Tulungagung – Masyarakat Dusun Ngelo, Desa Jengglungharjo, Kecamatan Tanggunggunung, Kabupaten Tulungagung, menggelar tasyakuran pada Senin malam (28/7/2025) bertepatan dengan 3 Shofar 1447 H, sebagai penanda dimulainya pembangunan Pesantren Al Azhaar Ngelo. Pembangunan ini menjadi bagian dari upaya meningkatkan sumber daya manusia di wilayah pesisir Jalur Lintas Selatan (JLS) Tulungagung.
Tasyakuran dimulai dengan khataman Al-Qur’an, dilanjutkan dengan istighotsah, dzikir jama’i, dan wirid pembangunan. Kegiatan ini menjadi bentuk ikhtiar spiritual dalam merintis lembaga pendidikan Islam yang akan menjadi pusat pembinaan generasi Qur’ani.
Turut hadir dalam acara tersebut Kapolsek Tanggunggunung Mujiatno, perwakilan Koramil Tanggunggunung Danar, Kepala Desa Jengglungharjo H. Rudi, Kepala Dusun Ngelo Suryadi, serta sejumlah tokoh masyarakat.
Peletakan batu pertama dilakukan oleh Ketua Dewan Pembina Yayasan Al Azhaar Indonesia KH. Imam Mawardi Ridlwan, bersama H. Rudi, Kapolsek Mujiatno, Danar dari Koramil, Pengasuh Ribath Al Azhaar Kyai Lukman Hakim, serta tokoh masyarakat setempat.
Kapolsek Mujiatno menyampaikan permohonan maaf karena Kapolres Tulungagung berhalangan hadir, serta mengucapkan terima kasih atas peran Yayasan Al Azhaar di bidang keagamaan di wilayah Ngelo.
Sementara itu, perwakilan Koramil Danar menegaskan pentingnya peran pendidikan dalam mencerdaskan generasi muda dan menyatakan dukungan penuh terhadap pembangunan pesantren.
Kepala Desa H. Rudi mengungkapkan rasa syukur dan dukungannya terhadap pembangunan ini.
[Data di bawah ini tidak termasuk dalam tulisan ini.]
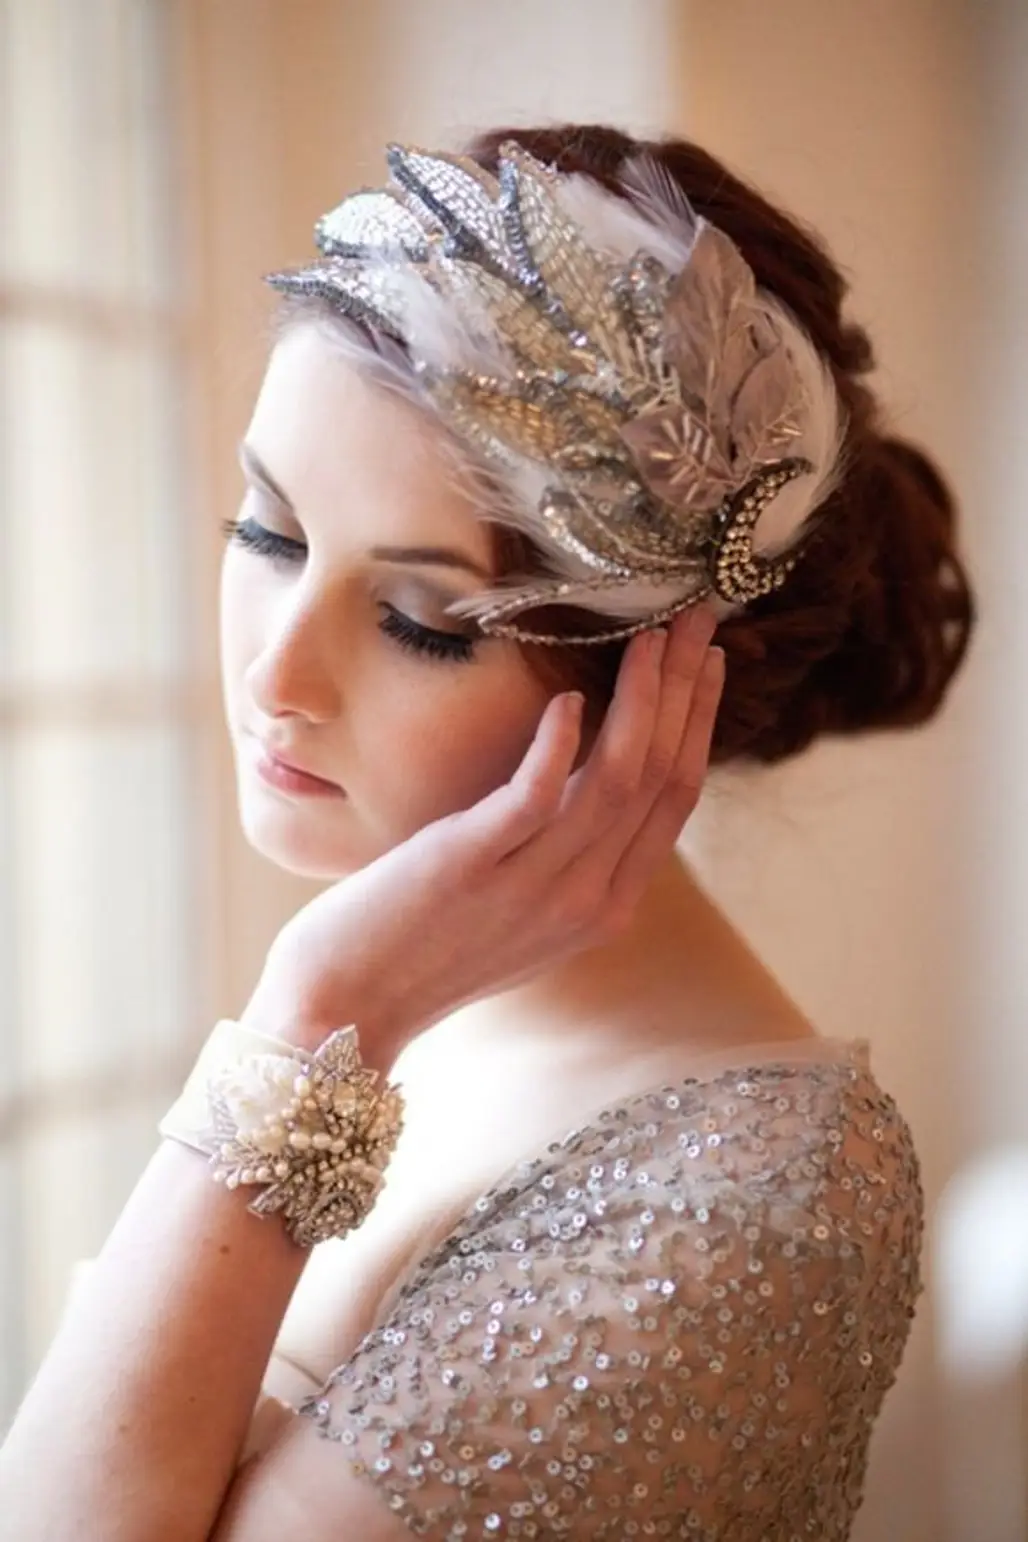 Vintage Hair Pieces Are a Fun Idea for Parties and Weddings

Ia menilai keberadaan pesantren sangat penting untuk mencetak generasi penghafal Al-Qur’an, khususnya di kawasan JLS. Rudi juga menceritakan pengalamannya menyekolahkan anak di TK Al Azhaar Tulungagung meski harus menempuh jarak hingga 35 km setiap hari.
Ketua Dewan Pembina Yayasan sekaligus Wakil Ketua Lembaga Dakwah PWNU Jawa Timur, KH. Imam Mawardi Ridlwan, menyampaikan apresiasi atas kekompakan masyarakat Ngelo. Ia menjelaskan bahwa pembangunan pesantren adalah amanah dari gurunya, Abi KH. M. Ihya Ulumiddin.
“Yayasan Al Azhaar hanya menjalankan amanah guru kami agar senantiasa membersamai masyarakat dan merawat komitmen dakwah,” jelas Abah Imam.
Ia juga memohon doa dan dukungan masyarakat agar pembangunan ini diberi kelancaran, diridhai Allah SWT, dan bernilai ibadah.
Pembangunan tahap awal akan difokuskan pada enam ruang kelas sebagai fasilitas pembelajaran. Abah Imam juga menyampaikan terima kasih kepada para dermawan yang telah berkontribusi untuk pembangunan pesantren.
Dengan dimulainya pembangunan Pesantren Al Azhaar Ngelo, masyarakat pesisir JLS Tulungagung memiliki harapan baru dalam membina generasi muda yang berakhlak mulia dan cinta Al-Qur’an.